In this notebook, we will show some basic operations on data using PyExasol. You can find more detailed information on using PyExasol in its [documentation](https://exasol.github.io/pyexasol/master/index.html).

The notebook is organized as a quickstart tutorial in which we will be looking at the flexibility and ease by which PyExasol allows users to import, export, and transform data both in Python and in the Exasol database. To showcase this ability, we will be using data on US flight delays.
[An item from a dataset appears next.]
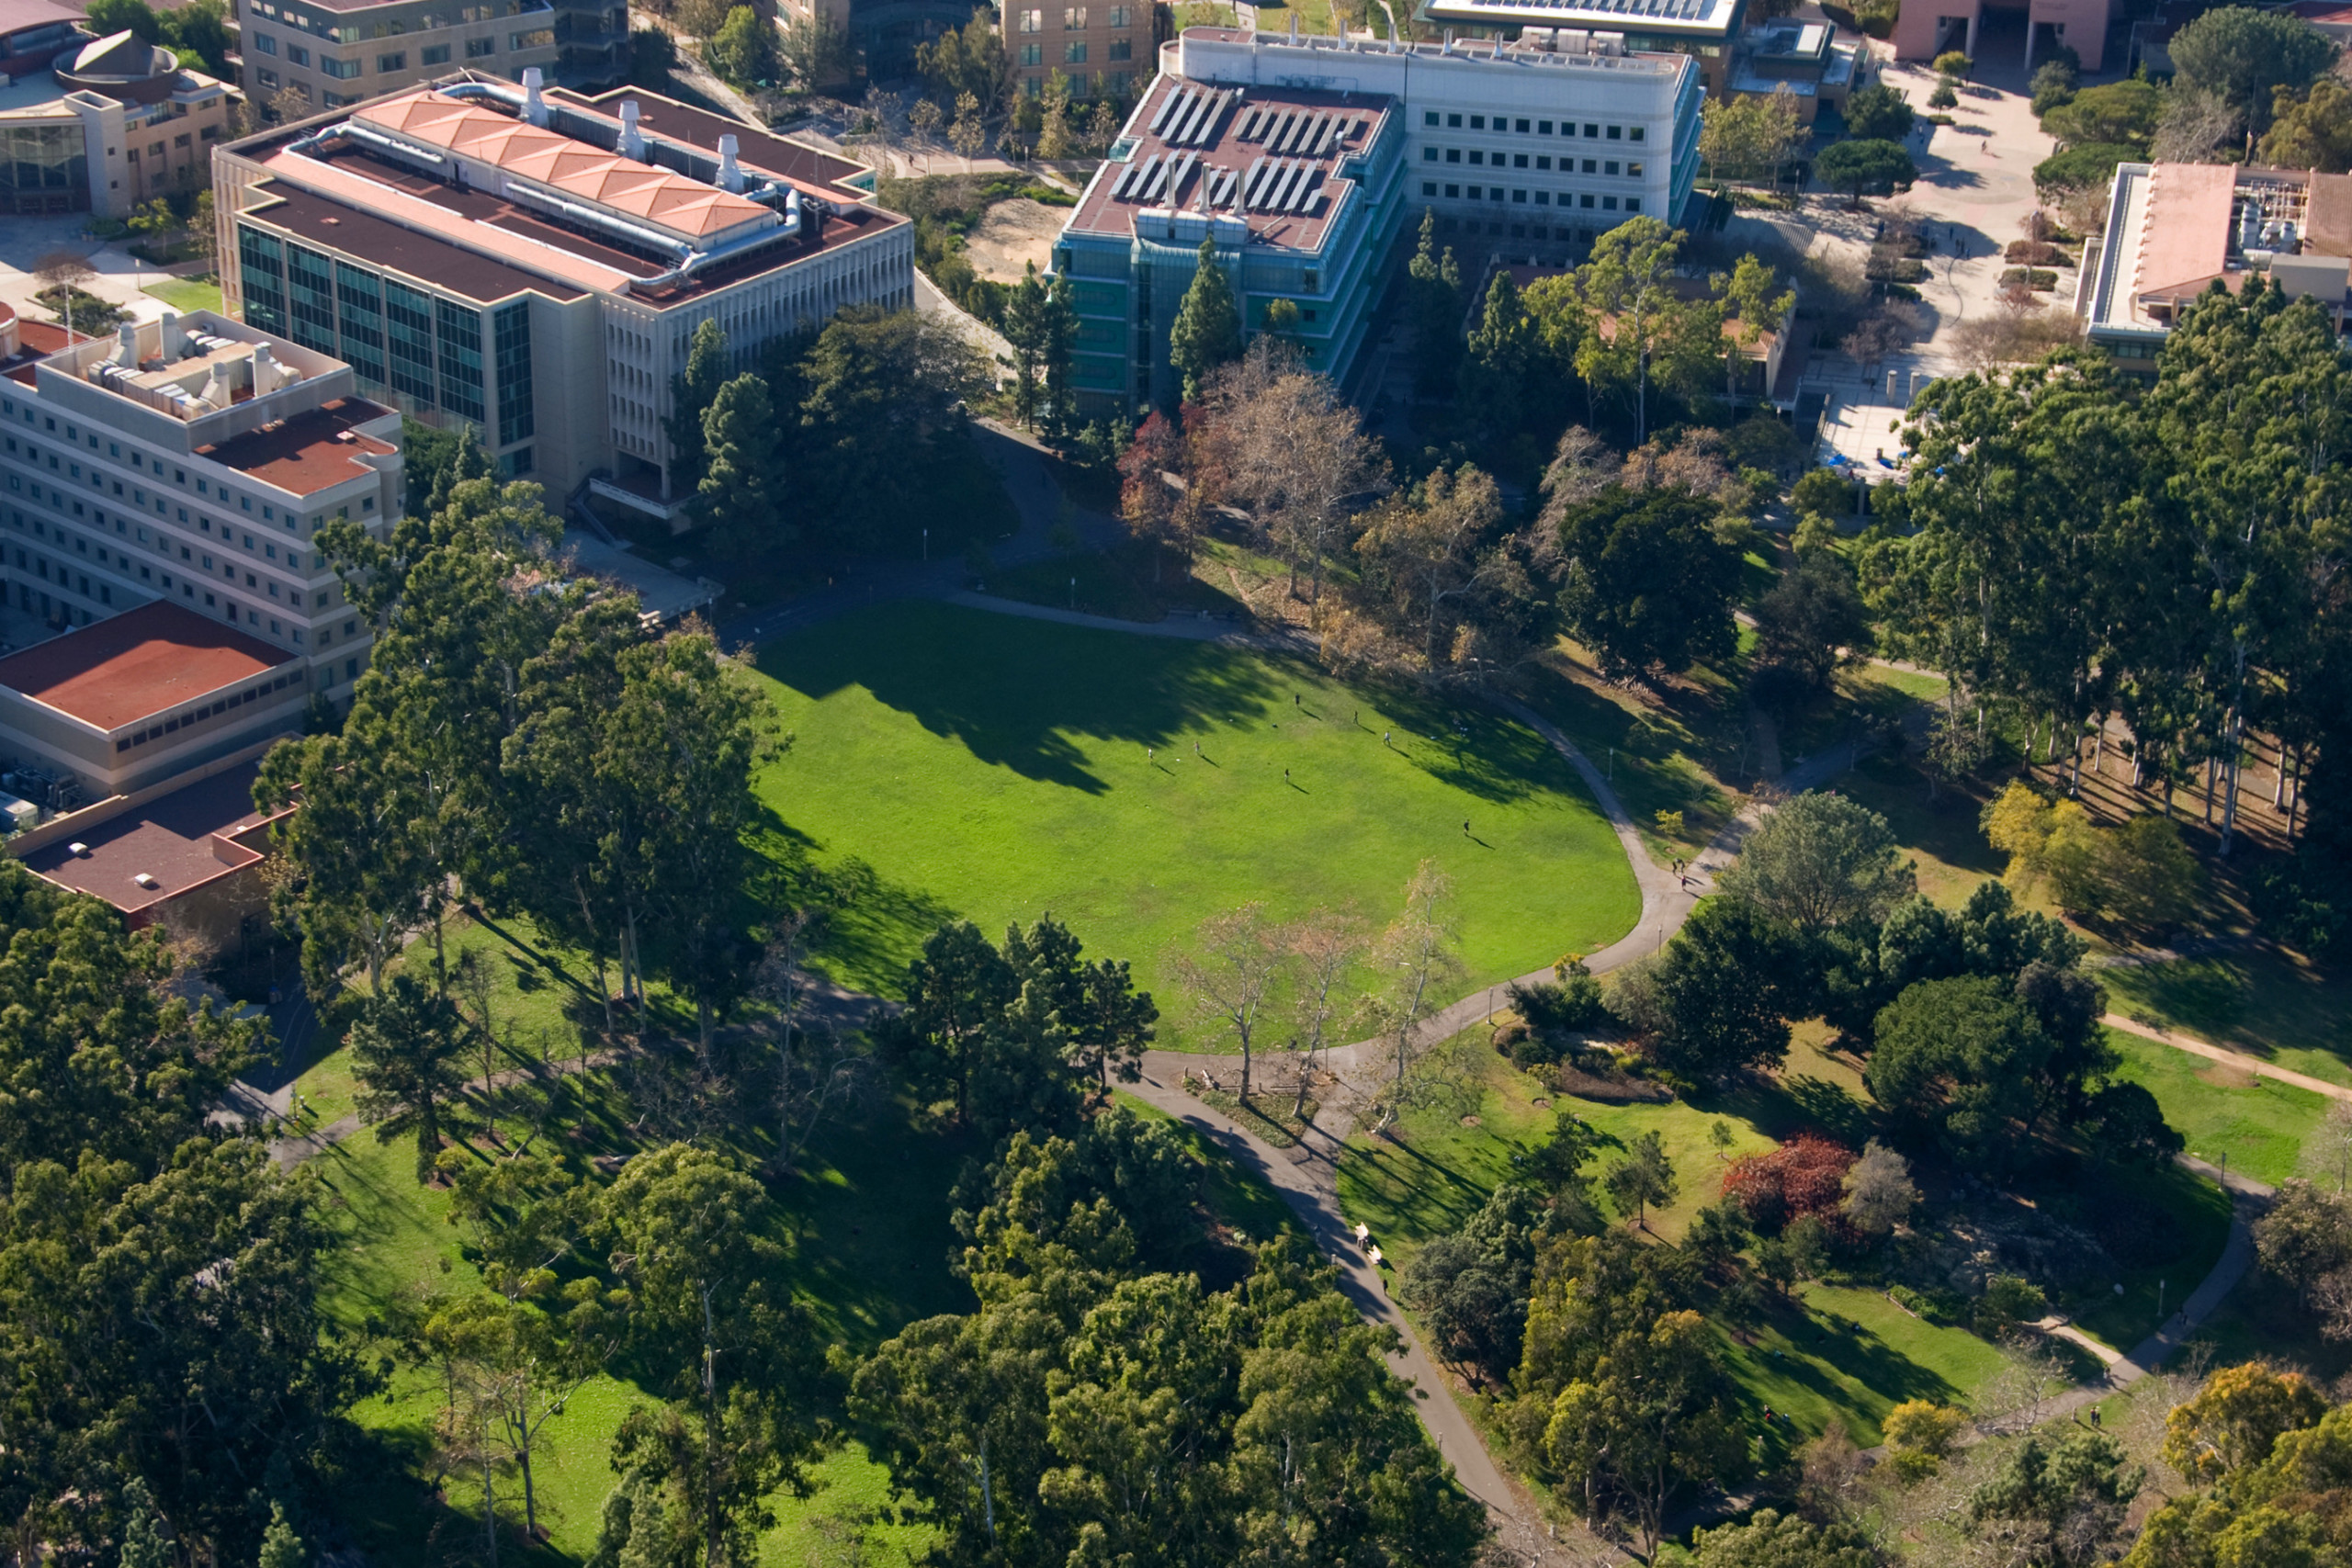 introducing UC Irvine aerial view of Aldrich Park

In particular, we will explore the delay caused by the carrier. We will rank the carriers using the delay as the performance metric. The data is publicly accessible at the [Bureau of Transportation Statistics](https://www.transtats.bts.gov/Homepage.asp) of the US Department of Transportation.

## Prerequisites

Prior to using this notebook the following steps need to be completed:
1. [Configure the AI Lab](../main_config.ipynb).

Please note:
* AI Lab currently is shipped with PyExasol version `1.3.0`. The `import_from_parquet` and `export_to_parquet` were introduced in PyExasol version `1.2.0`, and the usage with polars was first introduced in PyExasol version `1.0.0`. Both functions for parquet and polars should work for all supported database versions, as these functions convert data into streamed CSVs before executing the IMPORT or EXPORT statement.

## 1. Setup

### 1.1 Open Secure Configuration Storage (SCS)

In [None]:
%run ../utils/access_store_ui.ipynb
display(get_access_store_ui('../'))

### 1.2 Download Files to Local Filesystem

In [None]:
import requests

def download_file(url, filename):
    try:
        response = requests.get(url, stream=True)
        response.raise_for_status()
        
        with open(filename, 'wb') as f:
            for chunk in response.iter_content(chunk_size=8192):
                f.write(chunk)
                
        print("File downloaded successfully!")
        
    except requests.exceptions.RequestException as e:
        print(f"Error downloading file: {str(e)}")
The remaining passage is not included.